Thanks for the tips.


----------



## GlassEye

Todays update:
Did some grinding. Asymmetric right hand grind, single-bevel style right face with slightly convex(I was trying for flat) left face. I feel I should mention that I am doing all of the grinding on a 3400rpm bench grinder, as that is all I have to do the job. I will try to work on stones (and maybe files) only after the HT because this grinder would probably kill it pretty quickly.








Finished grinding for today. I will probably clean it up some before attempting to normalize and HT this unknown steel from the yard.




The tip was left thicker for now.




Thanks for all of the advice everyone.


----------



## GlassEye

A couple of updates.

I clamped a file to my stone holder and cut in the geometry. It is now flat on the left face and single-bevel style grind on the right face. I left the tip mostly unground still so it is not too thin during HT.

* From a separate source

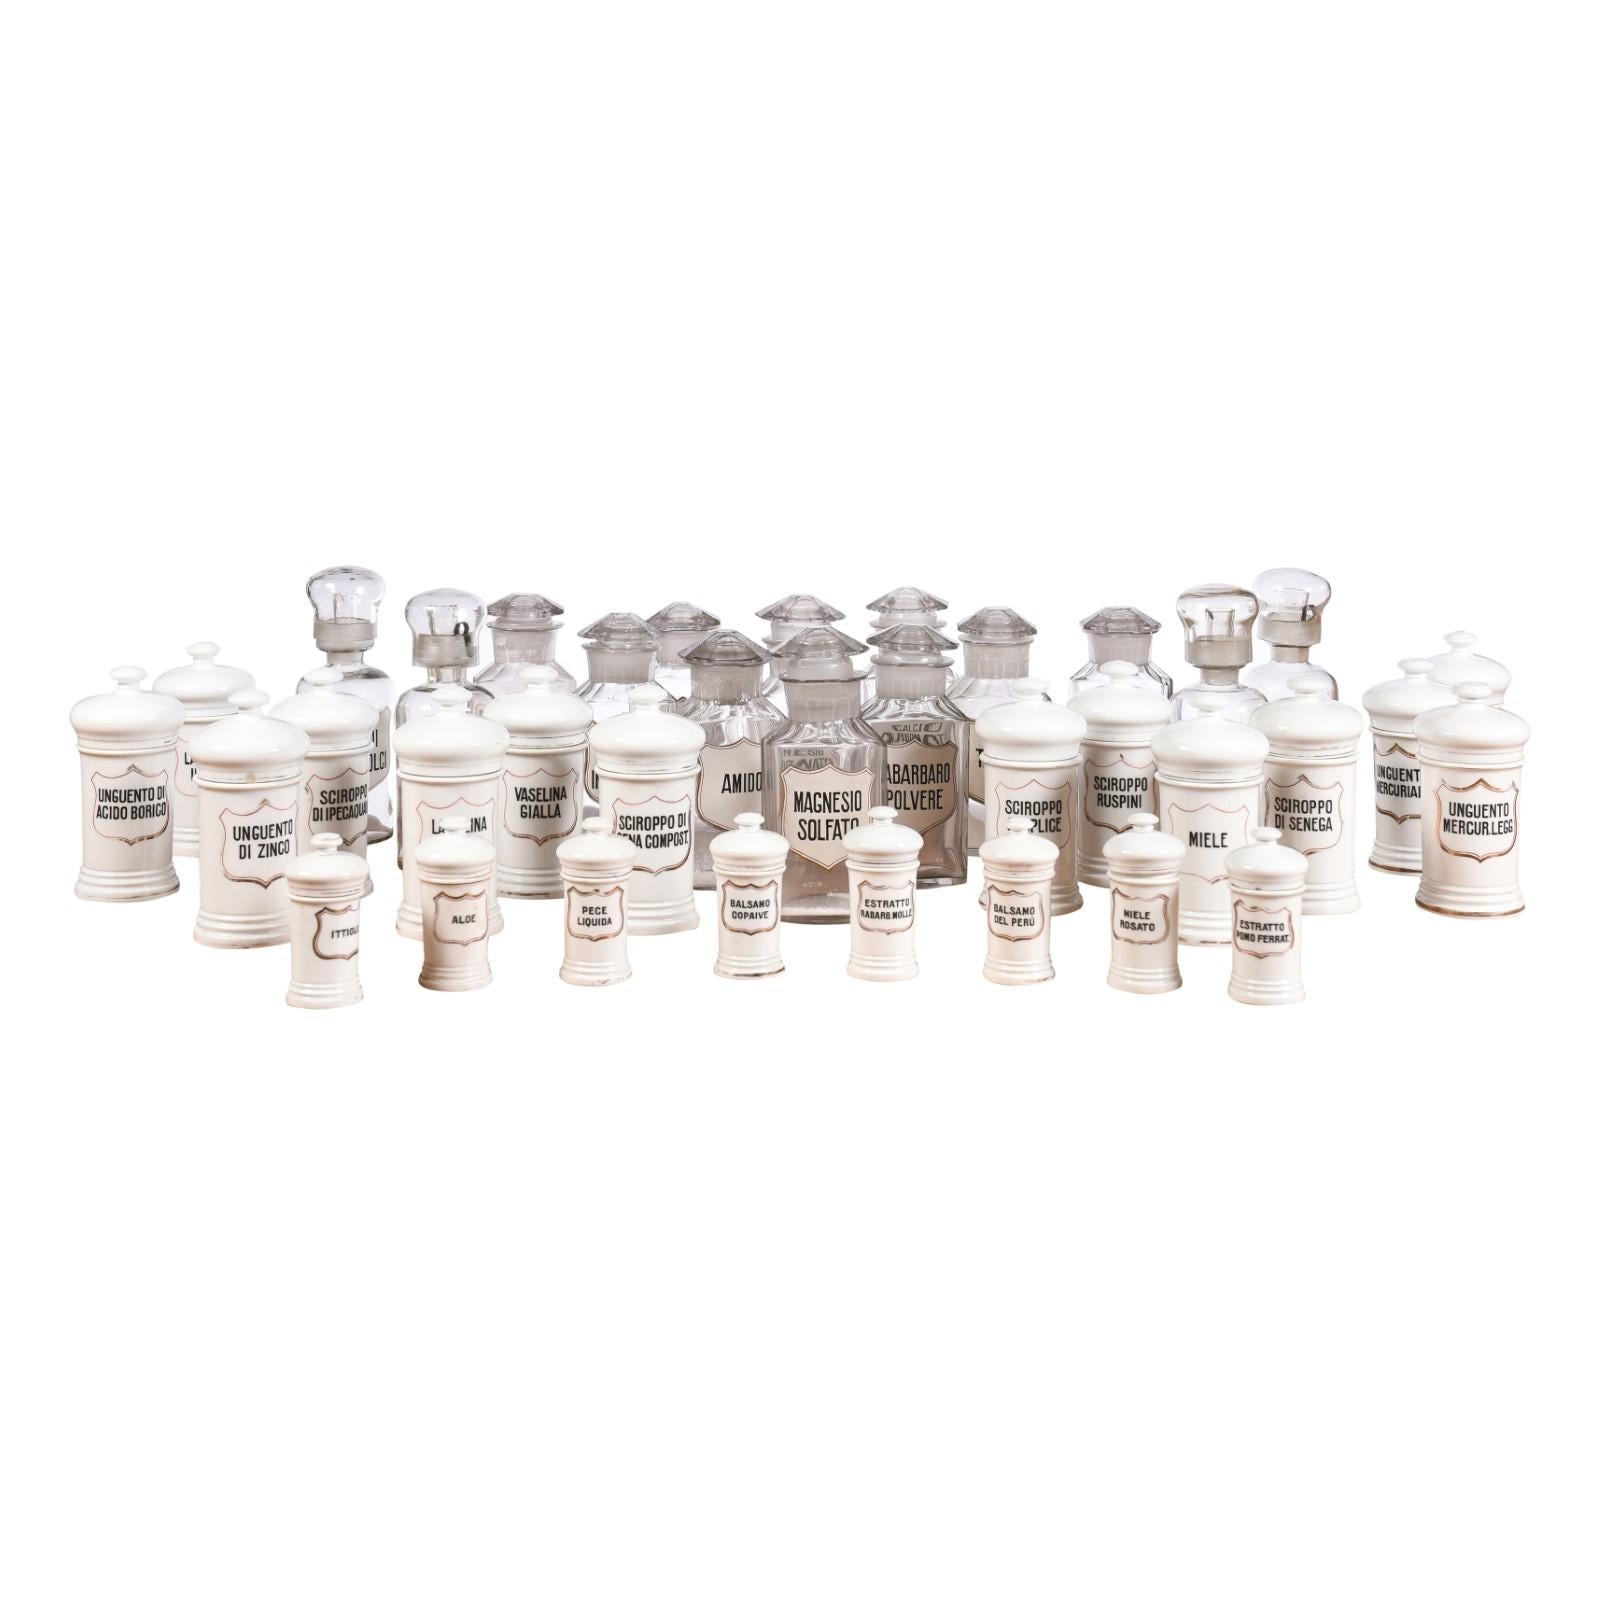 36 Italian pharmacy jars from the 20th century made of either white porcelain or glass and sold individually. Immerse yourself in a piece of history with these charming Italian pharmacy jars, a collection of 36 individual vessels dating back to the

Sanded today to 220 grit on the back and table, the file left some deep scratches which I am just going to leave there, it's character:biggrin:.


----------



## Chuckles

I'm impressed. Good work!


----------



## Lefty

That looks really cool! Throw me in the impressed column.


----------



## theLawlCat

Wow, that shined up nice. People sell things that look way worse for ridiculous amounts (see ugliest knife ever thread).


----------



## GlassEye

Thanks for the kind words, everyone.


----------



## cord_steele

Great work!


----------